• **Goal of the exercise**
Go to the line holding "Main View: Shades" in the data below. Return it and each line after it through the last, exactly, and skip the pictures.

• **Dataset content**
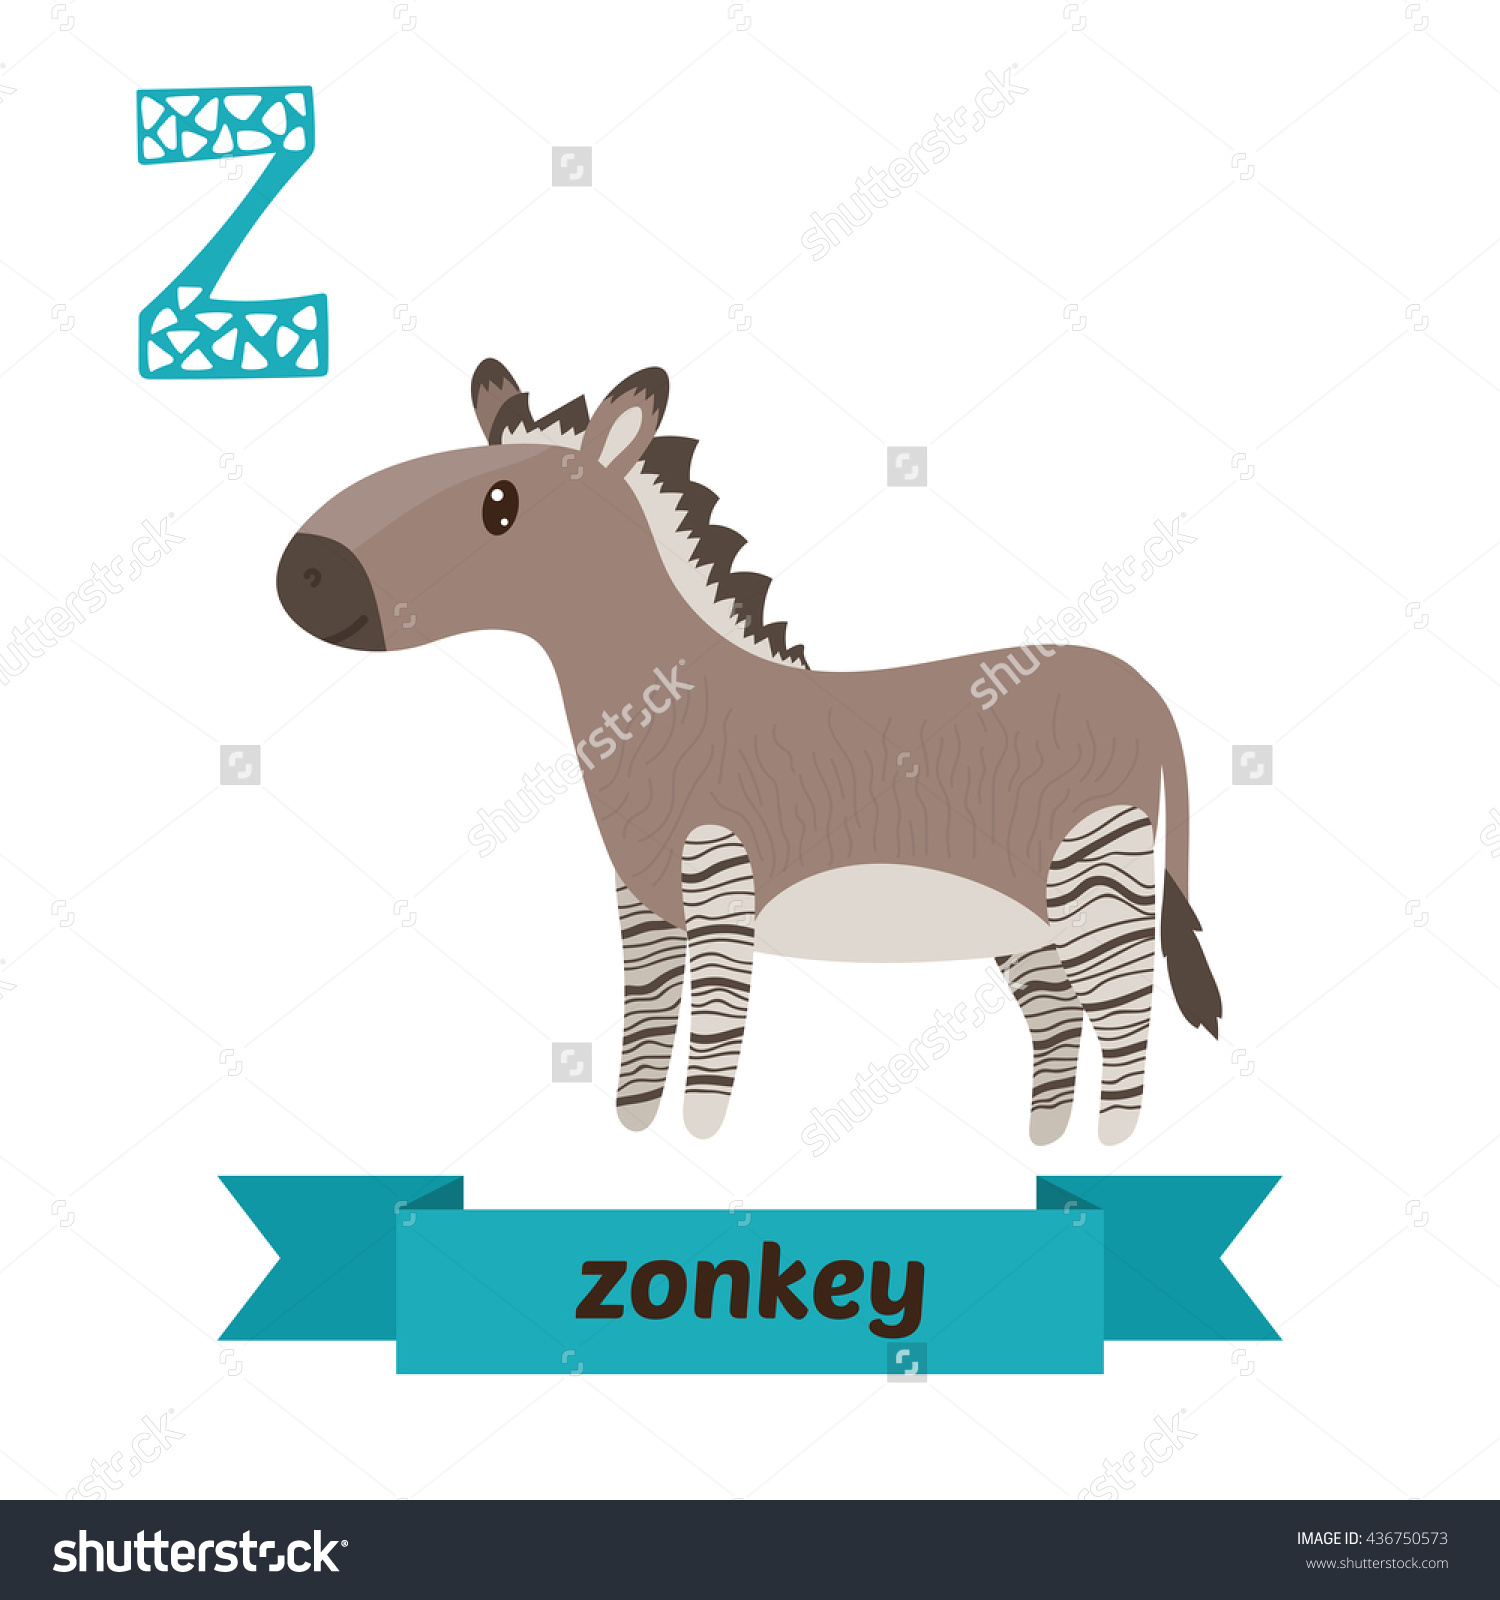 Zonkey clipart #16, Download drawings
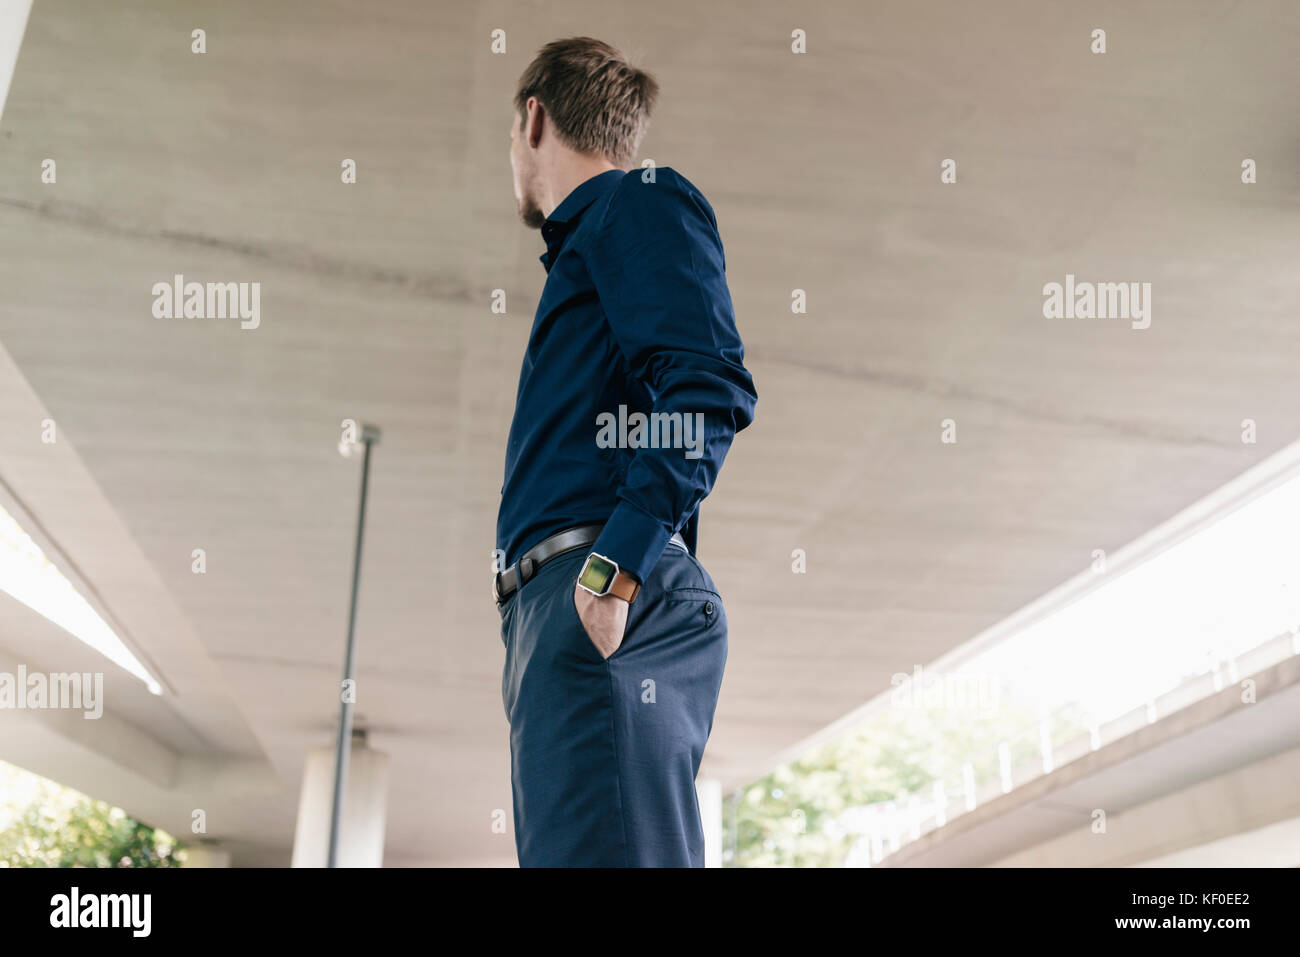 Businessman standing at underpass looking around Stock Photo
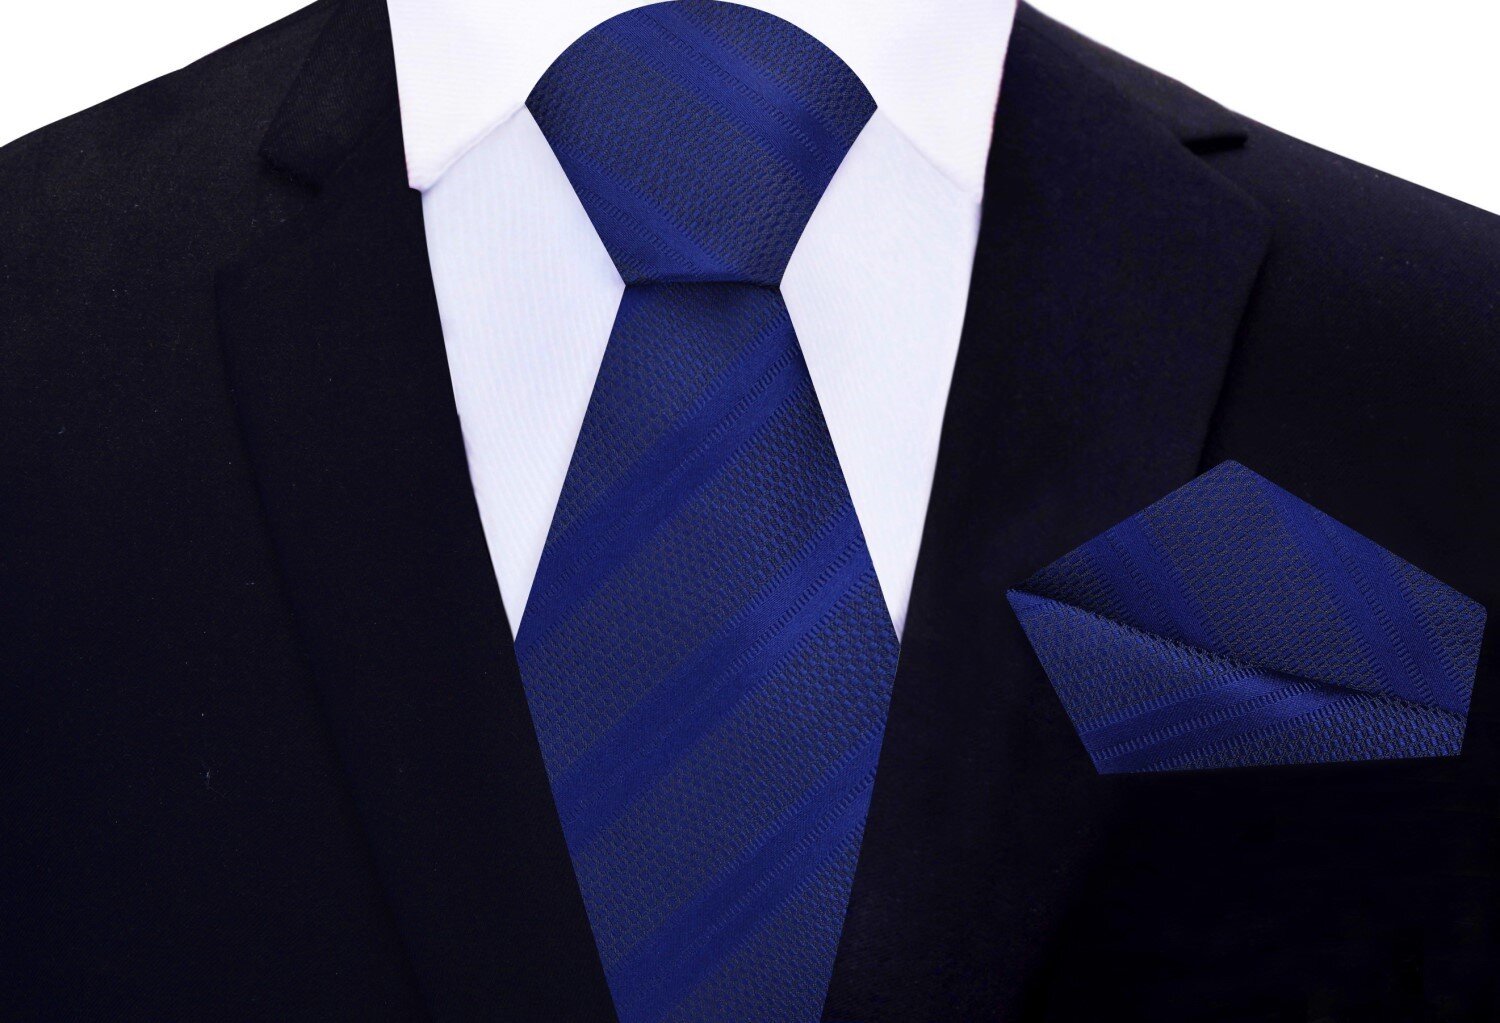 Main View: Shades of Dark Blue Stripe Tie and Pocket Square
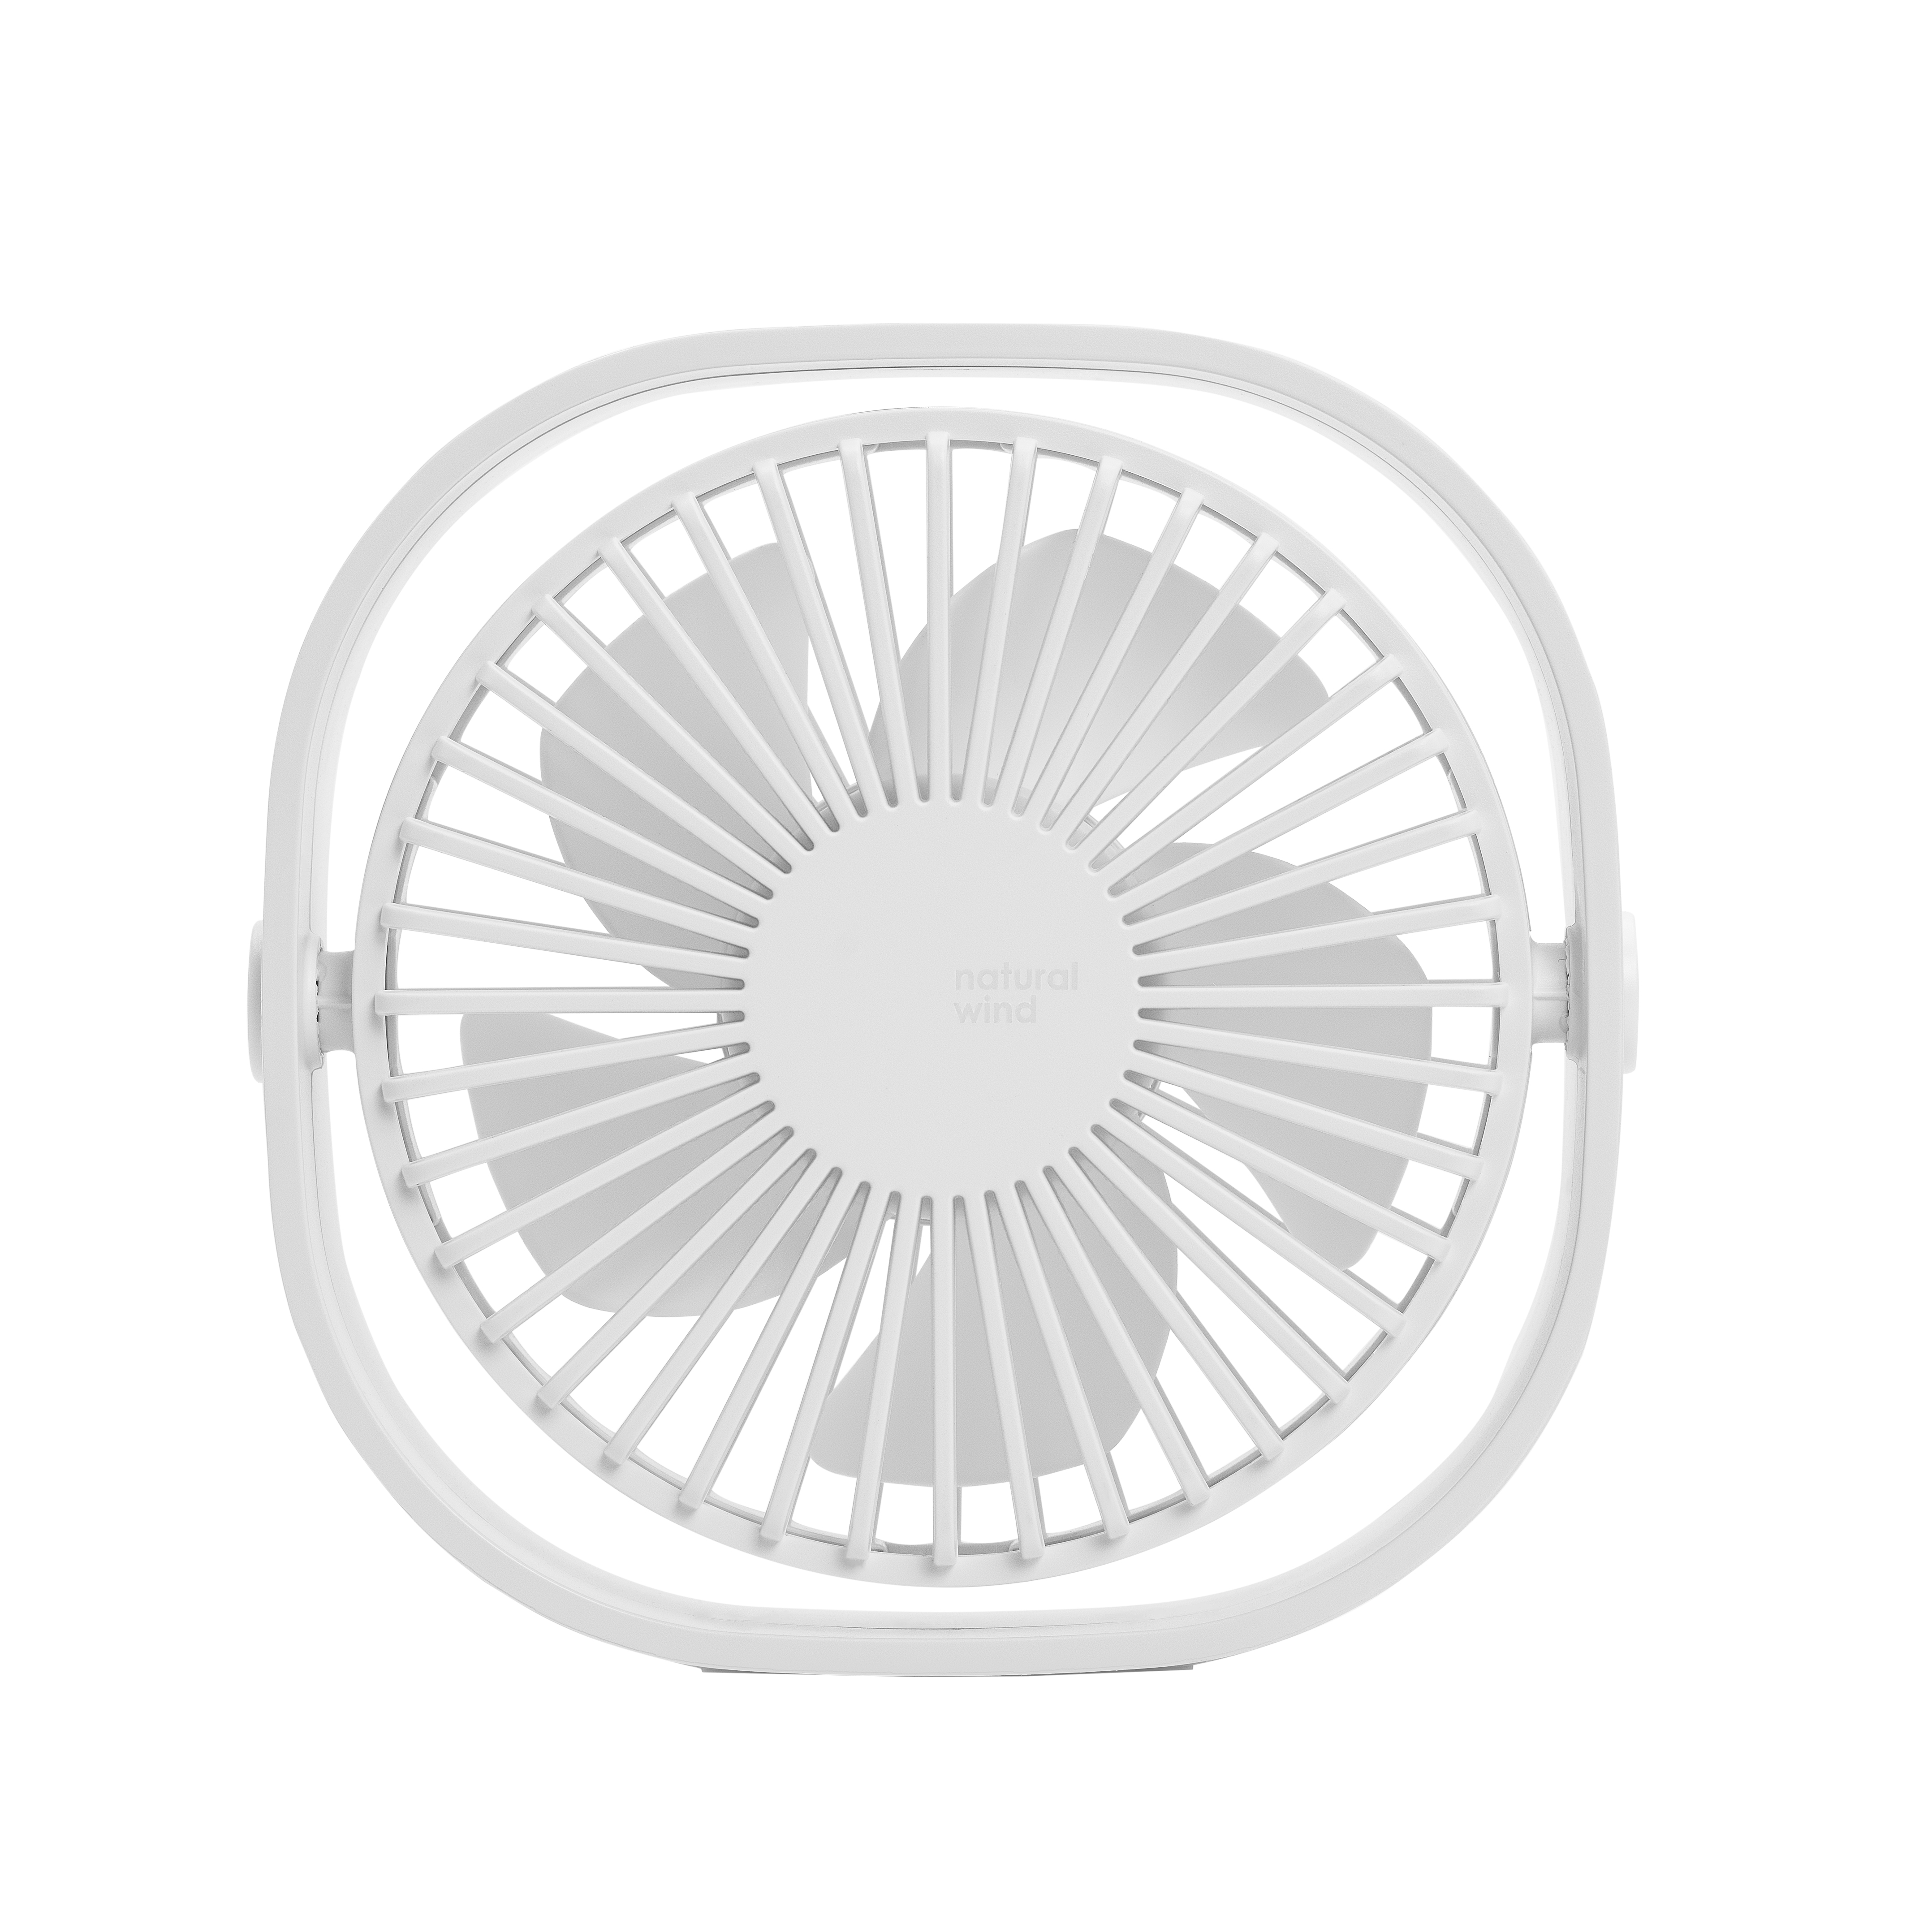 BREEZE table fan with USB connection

• **Response area**
 Main View: Shades of Dark Blue Stripe Tie and Pocket Square
 BREEZE table fan with USB connection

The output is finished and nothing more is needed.